集会で支持者らを前に手を振る、自由韓国党の洪準杓候補=5日、ソウル、遠藤啓生撮影
9日投開票の韓国大統領選は、選挙戦の最終盤を迎えた。朝鮮半島情勢が緊迫する中、北朝鮮問題が最大の争点になり、進歩(革新)系の最大野党「共に民主党」の文在寅(ムンジェイン)候補(64)の融和的な政策について、北朝鮮に強硬な朴槿恵(パククネ)政権で与党だった保守系「自由韓国党」の洪準杓(ホンジュンピョ)候補(62)が厳しく批判。洪氏は支持率を伸ばしている。
特集:韓国大統領選挙
支持率トップの文氏は5回にわたるテレビ討論会で、北朝鮮に対する融和姿勢をたびたび示してきた。

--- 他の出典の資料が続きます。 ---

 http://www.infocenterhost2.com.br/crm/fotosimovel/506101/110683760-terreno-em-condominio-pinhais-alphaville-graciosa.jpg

「金正恩(キムジョンウン、朝鮮労働党委員長)が北韓(北朝鮮)の統治者と認め、核問題の解決のために会わなければならない」。2日のテレビ討論会では、核やミサイル実験を主導する正恩氏との首脳会談に前向きだと述べた。こうした姿勢を「北寄り」と批判する保守系の洪氏から、「北朝鮮は『主敵』ではないのか」と問われると、「大統領が『主敵』と規定するのは穏当ではない」とかわした。

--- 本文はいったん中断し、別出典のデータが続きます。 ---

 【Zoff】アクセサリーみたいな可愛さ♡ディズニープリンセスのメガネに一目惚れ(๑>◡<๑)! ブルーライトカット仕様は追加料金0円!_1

発言の背景には、南北対話や経済協力を重視した金大中(キムデジュン)・盧武鉉(ノムヒョン)両政権の「太陽政策」を自身の政策の模範としていることがある。
文氏は今年1月に刊行した著書で「盧武鉉政府では南北間の軍事衝突が一件もなかった」と評価した。朴槿恵前大統領が制裁強化のため閉鎖した開城工業団地の再開を主張し「韓国企業の進出を増やすことと核問題を同時に進める」とも書いた。朴政権は、開城工団を通じた北朝鮮の現金収入が核・ミサイル開発に利用されていたとしている。
在韓米軍の高高度迎撃ミサイルシステム(THAAD)配備について「次期政権が決めるべきだ」と慎重姿勢を示しているのも、対話の障害になるとの判断があるとみられる。これに対し、洪氏は演説で連日「(文氏が当選すれば)親北左派政権の誕生だ」「米韓同盟が崩壊する」と批判している。ただ、文氏優位を脅かすには至っていない。